Summarize the method of creating a shared ByteBuffer
:
- Use
::script::wasm_interop::newSharedByteBuffer(size_t size)
- Use
ByteBuffer::newByteBuffer(std::shared_ptr<void> nativeBuffer, size_t size)
- JS uses
new ScriptX.SharedByteBuffer(length)
to create
The actual type of the above SharedByteBuffer
in JS is an instance of ScriptX.SharedByteBuffer
. This class is relatively simple, using TypeScript style description as follows:
class SharedByteBuffer {
// These three properties are consistent with TypedArray
readonly buffer: ArrayBuffer;
readonly byteOffset: number;
readonly byteLength: number;
// Manual memory management, destroy this class, and release WASM memory
public destory(): void;
}
Pay attention to the buffer attribute above. As mentioned above, when WASM grow_memory
, the underlying ArrayBuffer
may change, so when using SharedByteBuffer
, create a TypedArray
immediately, don’t keep the reference for long-term use (of course you You can configure wasm not to grow_memory, or use SharedArrayBuffer
, so the buffer attribute will not change, depending on your usage scenario).

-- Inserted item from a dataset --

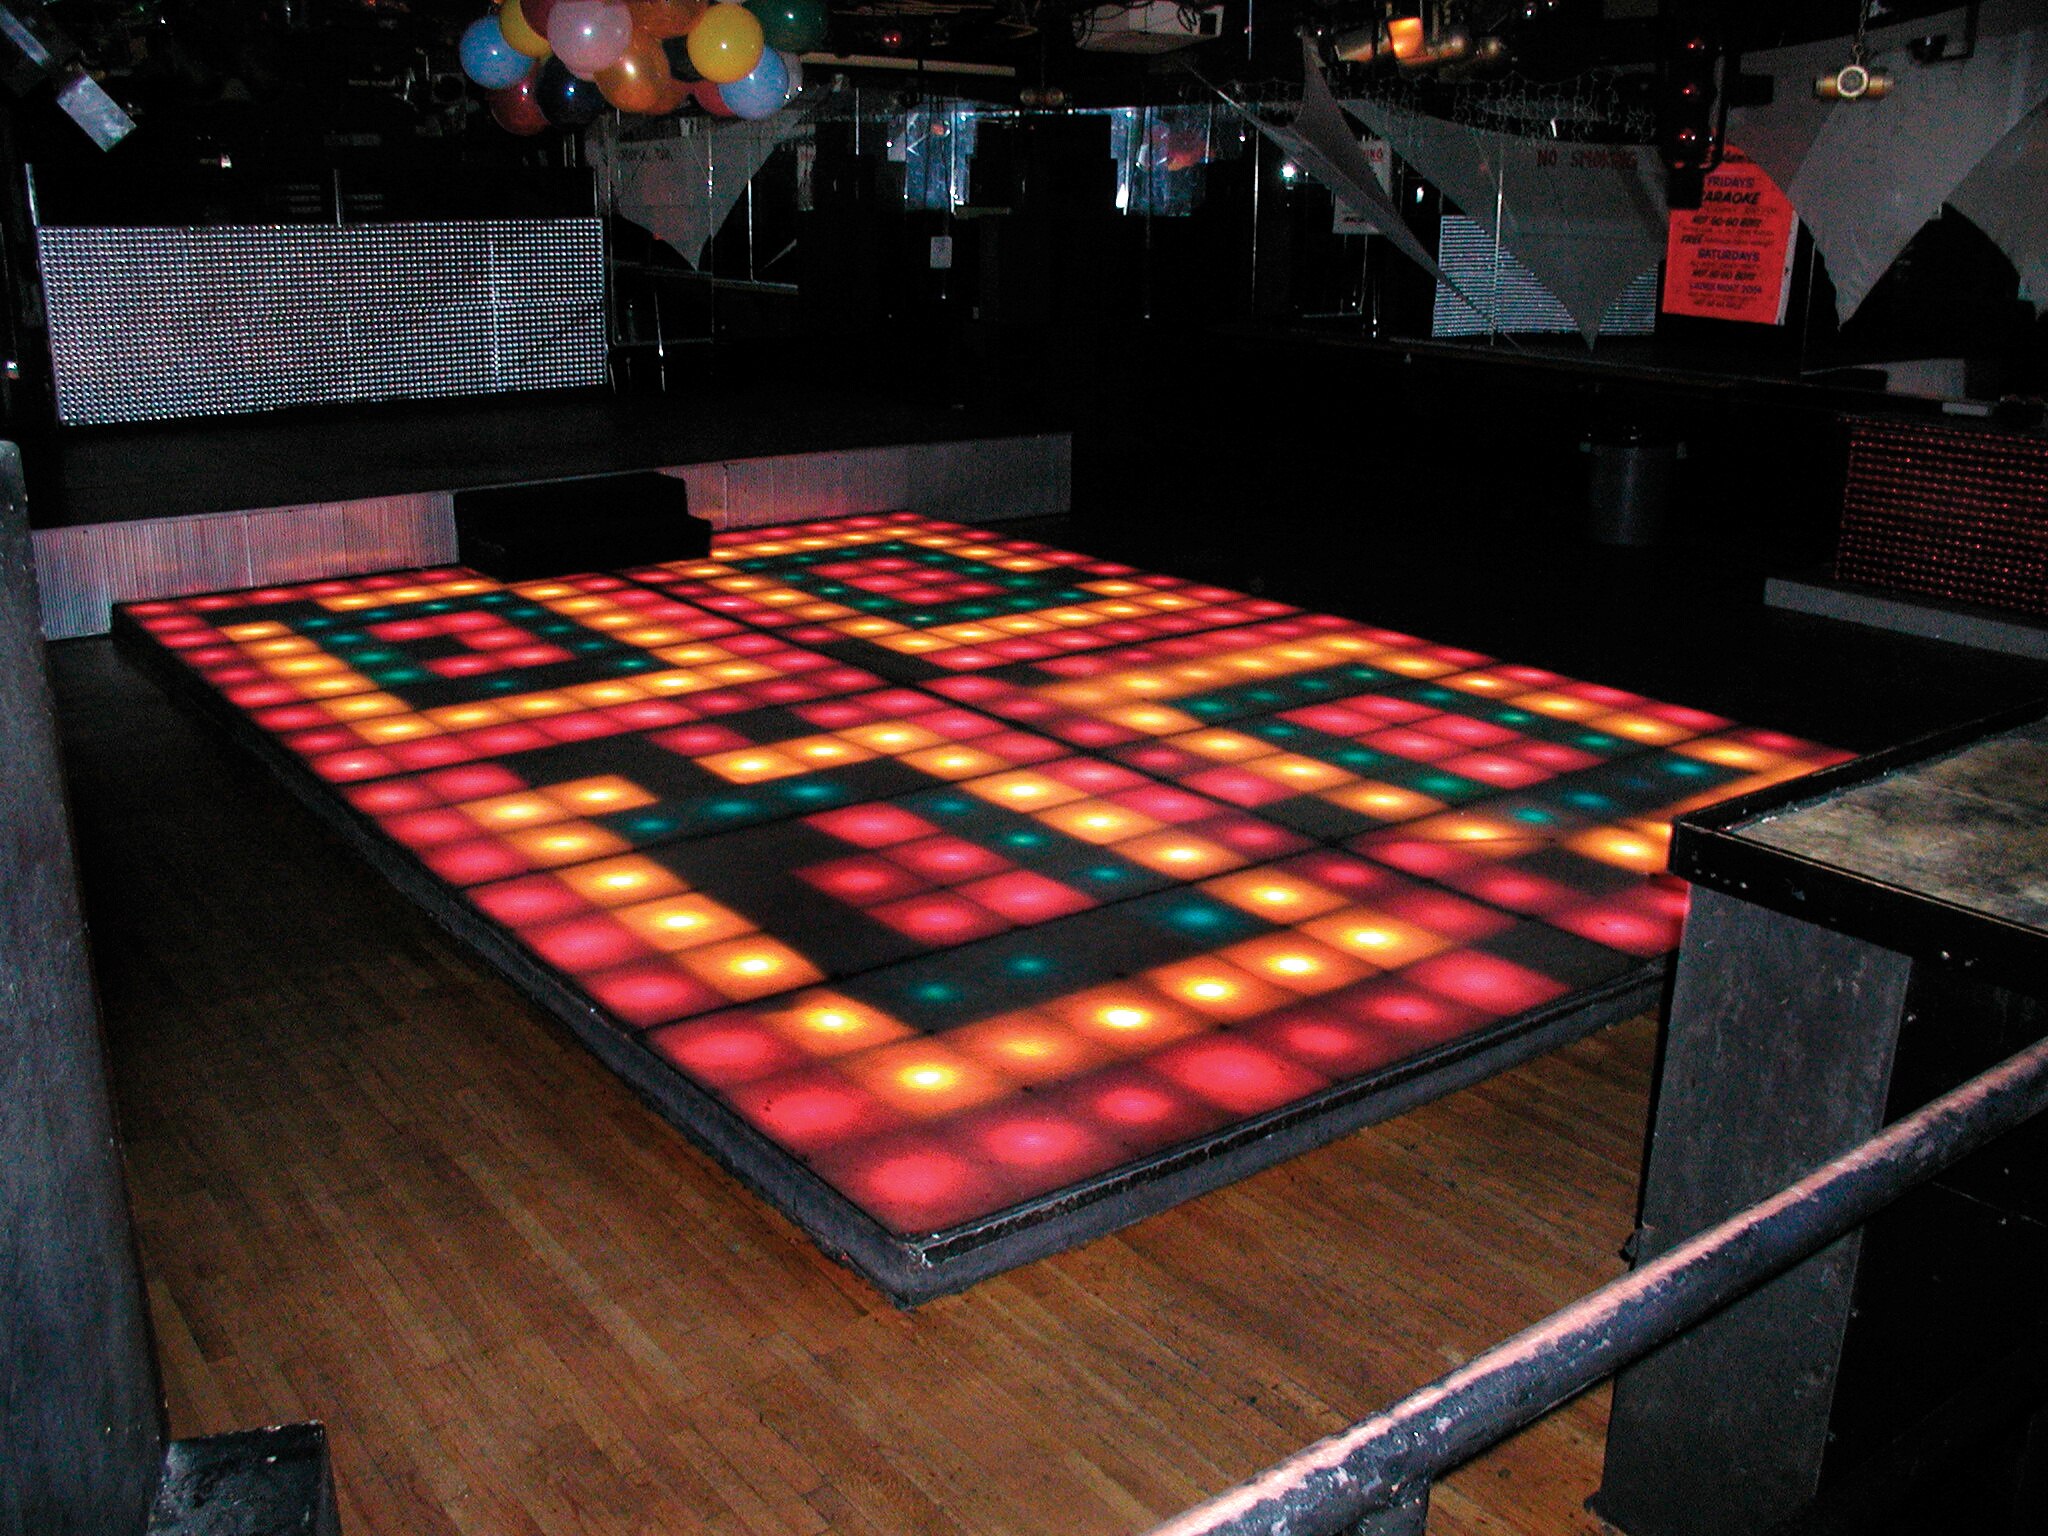 You Could Be Dancing. on 'Saturday Night Fever' Disco Floor. Voice of America

Finally, because WASM has no GC and JS has no finalize, the user needs to release this memory. You can use the above destory
method, or you can use ScriptX.destroySharedByteBuffer
. The C++ code uses wasm_interop::destroySharedByteBuffer
.
Give a chestnut:
// CPP
Local<Function> drawImage = Function::newFunction([](const Local<ByteBuffer>& buffer) {
void* pixelData = buffer.getRawBytes();
performDraw(pixelData, buffer.size());
});
// JS
const buffer = new ScriptX.SharedByteBuffer(1024);
fillPixelData(new Int8Array(buffer.buffer, buffer.byteOffset, buffer.byteLength));
drawImage(buffer);
// remember to release
buffer.destroy();
Direct instanceof ScriptX.SharedByteBuffer
in JS.
Use Local<ByteBuffer>::isShared
to judge it in C++.
Of course, if your C++ code treats a SharedByteBuffer as non-shared, it will not be a problem, after all, the commit and sync operations are no-op. (But the reverse is not true)
I won’t introduce too much here, but readers should read about the knowledge of WASM.
- https://emscripten.org/
- https://webassembly.org/
- https://developer.mozilla.org/en-US/docs/WebAssembly
- Recommend https://developer.mozilla.org/en-US/docs/WebAssembly/Understanding_the_text_format
PS: MDN's documentation is very good, readers who are not used to English can choose Chinese.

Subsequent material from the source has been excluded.